Brazilian indie developer 6 Side Studios has yet another take on the puzzle genre with Hexarmonic. It’s an abstract, geometric game that’s based on timing and colors. On a hex-tile grid, you must find the correct way to link a light to a node with a corresponding color. The node flashes rhythmically, a kind of Morse code puzzle that you must solve by finding a path for the light that traverses the correct number of tiles. It’s simple and addictive, and it’s up in two categories: Best Sound and Best Brazilian Game.
BIG didn’t just offer an array of puzzle games, though — it featured narrative games like Dim Bulb Games’ roadtripping Americana-steeped narrative adventure Where the Water Tastes Like Wine, Weather Factory’s esoteric doomsaying card game Cultist Simulator, and Nyamakop’s wobbly Jell-O-like puzzle platformer Semblance.

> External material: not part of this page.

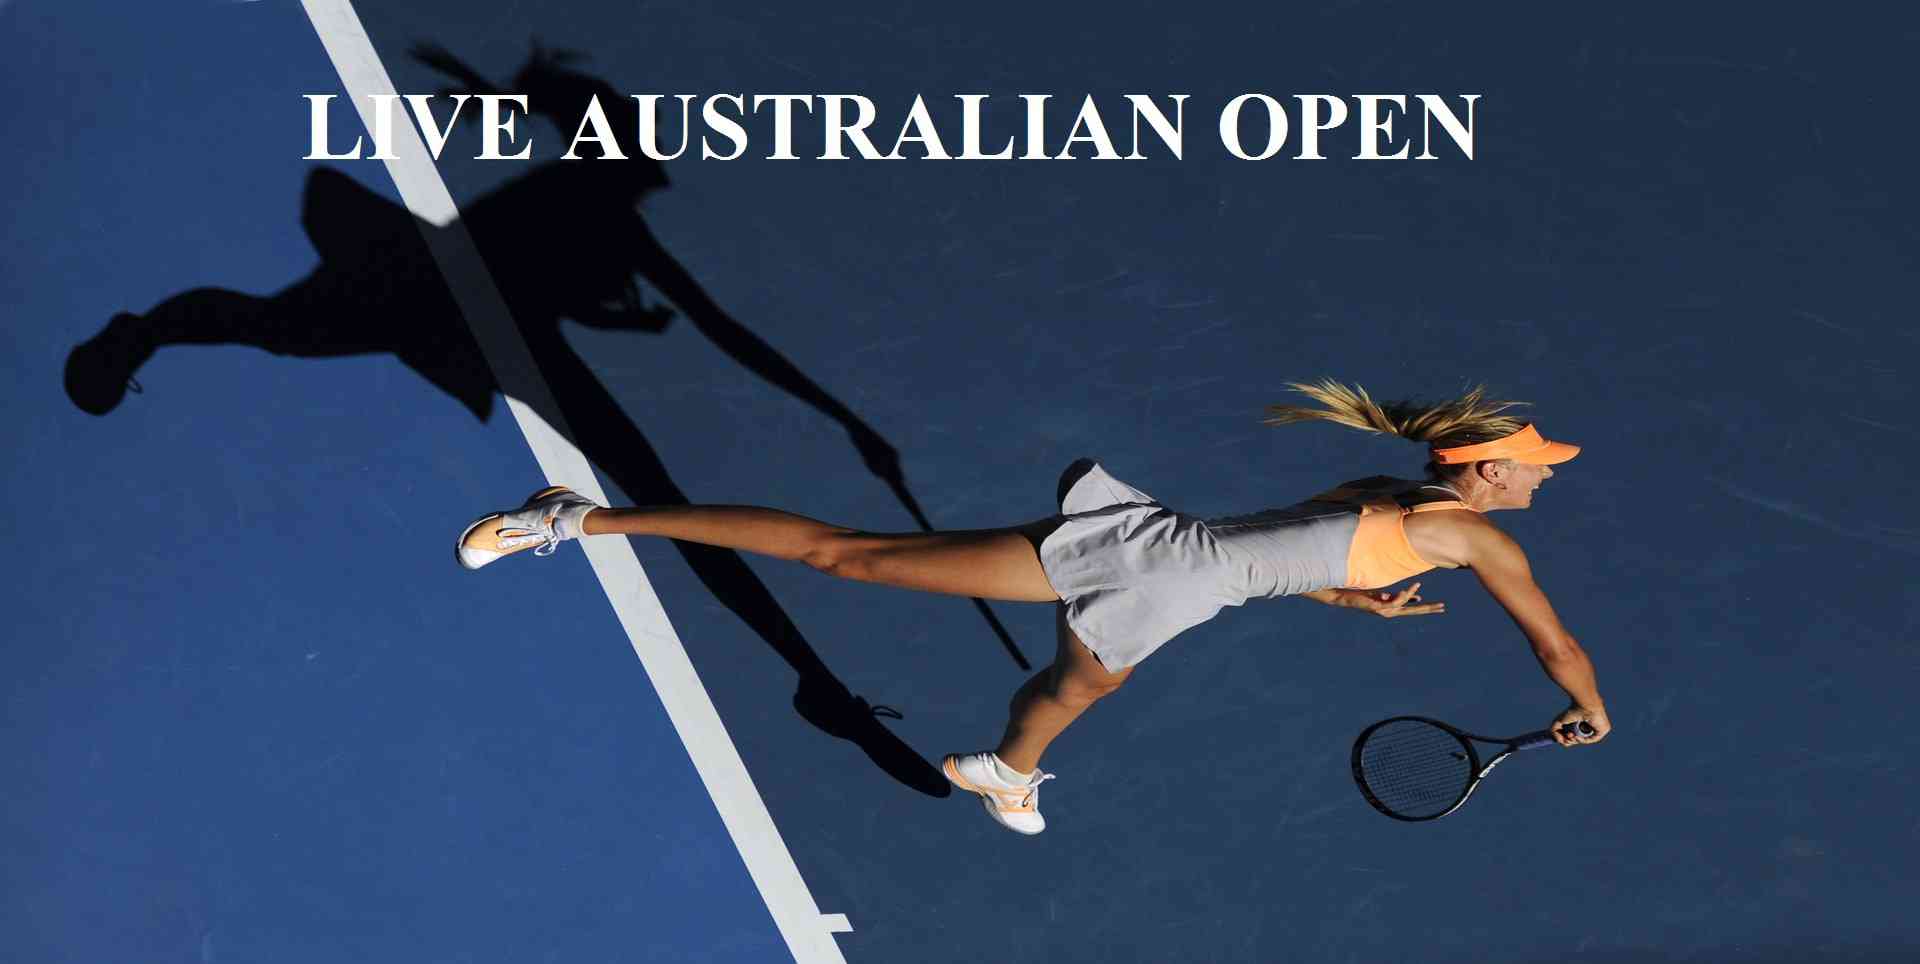 2017 Australian Open final live

It highlighted student projects, like Driving Force Games’ first person shooter Impulsion, and social impact games like Unbound Creations’ Headliner, which puts you in charge of approving and rejecting newspaper articles and forcing you to contend with the consequences of how you run your media empire. And it showed off virtual reality games like OKAM Studio’s nautical Ship Ahoy! and Funomena’s colorful Luna.
Most of the games on display are finalists in BIG’s award ceremony — which is Thursday evening — which the festival selected out of the 456 submissions it received from 53 countries. This diversity showed in the demos, which had a little bit of everything.
Disclaimer: The BIG Festival organizers covered the travel costs for GamesBeat. Our coverage remains objective.